— Task statement —
Print, in exact form, the lines below from the one containing "Volunteer Molly Johal, with" through the one containing "Young boy portrait", and omit all others.
---- Material to process
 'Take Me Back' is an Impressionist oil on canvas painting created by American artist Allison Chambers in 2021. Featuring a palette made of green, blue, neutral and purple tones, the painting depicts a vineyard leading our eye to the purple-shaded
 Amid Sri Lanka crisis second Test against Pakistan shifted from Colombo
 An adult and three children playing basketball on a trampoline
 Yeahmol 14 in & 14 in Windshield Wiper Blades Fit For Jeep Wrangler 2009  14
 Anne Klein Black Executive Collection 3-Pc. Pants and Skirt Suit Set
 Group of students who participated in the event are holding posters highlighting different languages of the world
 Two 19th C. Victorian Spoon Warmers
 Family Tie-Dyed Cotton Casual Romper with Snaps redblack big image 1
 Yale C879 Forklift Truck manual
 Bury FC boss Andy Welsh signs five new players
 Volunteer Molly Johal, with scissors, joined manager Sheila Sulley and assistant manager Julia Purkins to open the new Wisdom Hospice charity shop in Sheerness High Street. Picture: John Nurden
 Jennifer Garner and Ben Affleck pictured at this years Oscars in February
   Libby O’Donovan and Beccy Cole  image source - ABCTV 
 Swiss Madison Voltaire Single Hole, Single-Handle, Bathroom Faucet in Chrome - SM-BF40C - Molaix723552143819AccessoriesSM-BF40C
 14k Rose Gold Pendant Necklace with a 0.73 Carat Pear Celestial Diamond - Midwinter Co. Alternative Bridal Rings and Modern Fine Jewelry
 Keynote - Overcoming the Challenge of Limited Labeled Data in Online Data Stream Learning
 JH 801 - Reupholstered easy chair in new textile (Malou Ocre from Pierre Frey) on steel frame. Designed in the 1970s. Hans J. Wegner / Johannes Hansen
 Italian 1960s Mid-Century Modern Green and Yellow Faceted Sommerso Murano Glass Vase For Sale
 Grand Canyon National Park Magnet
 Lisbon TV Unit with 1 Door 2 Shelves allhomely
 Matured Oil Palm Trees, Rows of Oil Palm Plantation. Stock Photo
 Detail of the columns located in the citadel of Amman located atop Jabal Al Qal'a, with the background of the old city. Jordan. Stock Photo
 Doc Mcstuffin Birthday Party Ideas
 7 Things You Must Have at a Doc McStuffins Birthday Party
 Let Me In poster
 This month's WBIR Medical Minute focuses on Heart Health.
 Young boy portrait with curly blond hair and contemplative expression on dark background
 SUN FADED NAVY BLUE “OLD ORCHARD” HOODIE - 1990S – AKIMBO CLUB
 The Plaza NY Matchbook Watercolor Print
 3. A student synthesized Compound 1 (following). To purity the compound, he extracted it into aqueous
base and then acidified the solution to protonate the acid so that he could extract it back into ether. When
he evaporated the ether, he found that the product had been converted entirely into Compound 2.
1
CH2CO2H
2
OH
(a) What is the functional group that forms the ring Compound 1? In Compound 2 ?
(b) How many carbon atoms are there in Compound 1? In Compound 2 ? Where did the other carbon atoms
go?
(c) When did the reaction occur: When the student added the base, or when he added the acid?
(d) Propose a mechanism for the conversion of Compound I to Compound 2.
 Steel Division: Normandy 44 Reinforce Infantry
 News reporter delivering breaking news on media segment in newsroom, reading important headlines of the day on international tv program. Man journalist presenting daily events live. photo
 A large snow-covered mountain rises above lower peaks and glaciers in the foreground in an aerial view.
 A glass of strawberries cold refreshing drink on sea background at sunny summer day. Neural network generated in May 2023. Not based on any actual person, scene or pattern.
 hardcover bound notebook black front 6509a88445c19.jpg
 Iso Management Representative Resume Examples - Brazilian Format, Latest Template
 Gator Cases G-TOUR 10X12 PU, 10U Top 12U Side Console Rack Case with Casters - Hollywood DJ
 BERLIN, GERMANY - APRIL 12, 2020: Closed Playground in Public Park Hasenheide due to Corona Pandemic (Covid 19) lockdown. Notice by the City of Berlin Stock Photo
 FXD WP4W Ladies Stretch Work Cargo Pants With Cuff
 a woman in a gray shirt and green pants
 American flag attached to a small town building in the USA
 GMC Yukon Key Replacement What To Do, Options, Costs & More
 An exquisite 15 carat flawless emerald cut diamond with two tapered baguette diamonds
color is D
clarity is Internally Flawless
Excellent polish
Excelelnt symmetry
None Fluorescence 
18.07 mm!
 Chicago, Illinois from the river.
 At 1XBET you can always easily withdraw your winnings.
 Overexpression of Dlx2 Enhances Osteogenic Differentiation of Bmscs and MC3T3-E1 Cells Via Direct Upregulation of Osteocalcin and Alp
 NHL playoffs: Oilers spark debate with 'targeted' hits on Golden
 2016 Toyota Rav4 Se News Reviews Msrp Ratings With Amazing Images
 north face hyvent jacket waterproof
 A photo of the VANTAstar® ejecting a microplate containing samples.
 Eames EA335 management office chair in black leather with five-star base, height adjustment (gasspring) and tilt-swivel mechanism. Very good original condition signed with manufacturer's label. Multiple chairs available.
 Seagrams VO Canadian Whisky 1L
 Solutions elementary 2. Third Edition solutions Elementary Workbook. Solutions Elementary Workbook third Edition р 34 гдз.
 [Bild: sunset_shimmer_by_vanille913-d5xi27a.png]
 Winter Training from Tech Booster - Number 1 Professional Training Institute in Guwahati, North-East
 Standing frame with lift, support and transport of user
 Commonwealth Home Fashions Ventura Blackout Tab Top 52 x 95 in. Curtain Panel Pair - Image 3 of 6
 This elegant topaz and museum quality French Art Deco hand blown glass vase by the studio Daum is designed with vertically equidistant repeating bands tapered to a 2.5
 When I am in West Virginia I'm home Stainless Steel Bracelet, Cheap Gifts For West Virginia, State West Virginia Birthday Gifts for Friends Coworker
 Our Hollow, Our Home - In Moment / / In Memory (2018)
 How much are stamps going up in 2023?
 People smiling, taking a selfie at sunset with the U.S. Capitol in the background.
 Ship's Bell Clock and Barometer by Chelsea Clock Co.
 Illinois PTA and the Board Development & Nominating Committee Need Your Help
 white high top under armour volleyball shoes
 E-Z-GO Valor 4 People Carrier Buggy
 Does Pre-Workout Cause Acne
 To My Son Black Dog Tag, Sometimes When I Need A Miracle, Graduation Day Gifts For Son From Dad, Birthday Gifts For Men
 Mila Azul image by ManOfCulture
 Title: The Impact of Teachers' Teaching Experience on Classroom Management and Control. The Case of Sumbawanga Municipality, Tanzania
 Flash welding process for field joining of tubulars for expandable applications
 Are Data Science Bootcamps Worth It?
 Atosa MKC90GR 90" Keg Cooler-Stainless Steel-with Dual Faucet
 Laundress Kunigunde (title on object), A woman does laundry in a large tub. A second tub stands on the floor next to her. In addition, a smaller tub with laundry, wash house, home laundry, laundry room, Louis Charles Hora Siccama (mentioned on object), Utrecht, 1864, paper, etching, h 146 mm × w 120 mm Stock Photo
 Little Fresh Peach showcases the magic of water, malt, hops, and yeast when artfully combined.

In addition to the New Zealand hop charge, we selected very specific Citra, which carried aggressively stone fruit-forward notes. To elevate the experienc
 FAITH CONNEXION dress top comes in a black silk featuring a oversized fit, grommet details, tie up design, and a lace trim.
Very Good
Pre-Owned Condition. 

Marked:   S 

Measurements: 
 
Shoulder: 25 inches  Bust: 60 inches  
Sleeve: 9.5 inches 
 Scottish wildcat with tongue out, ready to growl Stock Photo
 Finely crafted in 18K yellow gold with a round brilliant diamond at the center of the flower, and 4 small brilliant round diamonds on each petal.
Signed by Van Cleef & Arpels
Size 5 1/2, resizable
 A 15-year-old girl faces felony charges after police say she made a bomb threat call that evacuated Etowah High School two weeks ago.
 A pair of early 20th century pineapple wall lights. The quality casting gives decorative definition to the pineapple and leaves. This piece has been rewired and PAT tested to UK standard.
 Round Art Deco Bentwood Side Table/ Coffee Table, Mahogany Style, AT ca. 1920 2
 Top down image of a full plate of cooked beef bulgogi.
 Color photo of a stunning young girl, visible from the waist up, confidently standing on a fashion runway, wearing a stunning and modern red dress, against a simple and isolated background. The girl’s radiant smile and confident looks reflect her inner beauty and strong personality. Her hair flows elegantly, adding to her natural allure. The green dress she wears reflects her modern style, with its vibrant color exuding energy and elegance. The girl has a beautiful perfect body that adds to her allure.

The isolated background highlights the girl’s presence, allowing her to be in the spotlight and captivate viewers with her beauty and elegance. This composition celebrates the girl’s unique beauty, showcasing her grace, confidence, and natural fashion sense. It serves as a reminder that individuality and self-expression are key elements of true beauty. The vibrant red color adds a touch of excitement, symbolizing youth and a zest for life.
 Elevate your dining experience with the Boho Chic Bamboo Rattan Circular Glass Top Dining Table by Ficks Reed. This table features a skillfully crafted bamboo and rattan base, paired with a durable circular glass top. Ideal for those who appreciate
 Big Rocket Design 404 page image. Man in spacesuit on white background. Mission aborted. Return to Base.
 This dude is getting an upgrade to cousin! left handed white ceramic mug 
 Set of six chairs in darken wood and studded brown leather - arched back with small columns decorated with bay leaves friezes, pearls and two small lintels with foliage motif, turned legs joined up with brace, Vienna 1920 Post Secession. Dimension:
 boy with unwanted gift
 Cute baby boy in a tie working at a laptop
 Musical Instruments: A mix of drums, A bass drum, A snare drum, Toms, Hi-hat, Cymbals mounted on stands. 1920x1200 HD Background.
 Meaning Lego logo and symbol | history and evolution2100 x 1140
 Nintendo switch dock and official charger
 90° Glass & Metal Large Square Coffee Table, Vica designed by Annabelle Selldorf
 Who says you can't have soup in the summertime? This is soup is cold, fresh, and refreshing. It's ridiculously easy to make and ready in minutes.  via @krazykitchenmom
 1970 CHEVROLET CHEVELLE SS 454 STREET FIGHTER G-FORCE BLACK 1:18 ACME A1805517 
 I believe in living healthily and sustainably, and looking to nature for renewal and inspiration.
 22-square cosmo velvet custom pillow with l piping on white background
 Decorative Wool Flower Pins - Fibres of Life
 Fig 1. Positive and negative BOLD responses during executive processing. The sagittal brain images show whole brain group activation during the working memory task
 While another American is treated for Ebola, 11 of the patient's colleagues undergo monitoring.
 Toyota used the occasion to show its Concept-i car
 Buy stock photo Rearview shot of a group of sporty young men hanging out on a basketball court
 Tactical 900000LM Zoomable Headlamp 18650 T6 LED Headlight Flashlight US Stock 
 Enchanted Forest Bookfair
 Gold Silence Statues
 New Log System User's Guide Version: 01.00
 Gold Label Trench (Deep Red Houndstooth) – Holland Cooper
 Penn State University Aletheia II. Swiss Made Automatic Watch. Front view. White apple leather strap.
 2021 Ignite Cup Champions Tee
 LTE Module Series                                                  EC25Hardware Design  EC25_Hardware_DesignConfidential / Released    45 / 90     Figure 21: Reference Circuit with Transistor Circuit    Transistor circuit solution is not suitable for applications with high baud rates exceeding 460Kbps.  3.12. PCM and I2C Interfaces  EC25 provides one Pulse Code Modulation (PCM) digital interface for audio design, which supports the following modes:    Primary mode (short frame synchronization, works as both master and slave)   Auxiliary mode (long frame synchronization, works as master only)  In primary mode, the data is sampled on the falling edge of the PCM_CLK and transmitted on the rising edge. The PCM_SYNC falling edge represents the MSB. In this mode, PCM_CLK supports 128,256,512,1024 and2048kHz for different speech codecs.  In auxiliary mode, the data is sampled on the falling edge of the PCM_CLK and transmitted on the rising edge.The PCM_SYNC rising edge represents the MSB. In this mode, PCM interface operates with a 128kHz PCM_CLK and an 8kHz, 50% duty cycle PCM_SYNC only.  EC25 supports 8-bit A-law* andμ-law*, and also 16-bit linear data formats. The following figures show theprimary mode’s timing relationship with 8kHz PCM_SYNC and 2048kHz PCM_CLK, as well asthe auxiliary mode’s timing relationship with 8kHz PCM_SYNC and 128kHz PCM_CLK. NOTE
--------
— Solution —
 Volunteer Molly Johal, with scissors, joined manager Sheila Sulley and assistant manager Julia Purkins to open the new Wisdom Hospice charity shop in Sheerness High Street. Picture: John Nurden
 Jennifer Garner and Ben Affleck pictured at this years Oscars in February
   Libby O’Donovan and Beccy Cole  image source - ABCTV 
 Swiss Madison Voltaire Single Hole, Single-Handle, Bathroom Faucet in Chrome - SM-BF40C - Molaix723552143819AccessoriesSM-BF40C
 14k Rose Gold Pendant Necklace with a 0.73 Carat Pear Celestial Diamond - Midwinter Co. Alternative Bridal Rings and Modern Fine Jewelry
 Keynote - Overcoming the Challenge of Limited Labeled Data in Online Data Stream Learning
 JH 801 - Reupholstered easy chair in new textile (Malou Ocre from Pierre Frey) on steel frame. Designed in the 1970s. Hans J. Wegner / Johannes Hansen
 Italian 1960s Mid-Century Modern Green and Yellow Faceted Sommerso Murano Glass Vase For Sale
 Grand Canyon National Park Magnet
 Lisbon TV Unit with 1 Door 2 Shelves allhomely
 Matured Oil Palm Trees, Rows of Oil Palm Plantation. Stock Photo
 Detail of the columns located in the citadel of Amman located atop Jabal Al Qal'a, with the background of the old city. Jordan. Stock Photo
 Doc Mcstuffin Birthday Party Ideas
 7 Things You Must Have at a Doc McStuffins Birthday Party
 Let Me In poster
 This month's WBIR Medical Minute focuses on Heart Health.
 Young boy portrait with curly blond hair and contemplative expression on dark background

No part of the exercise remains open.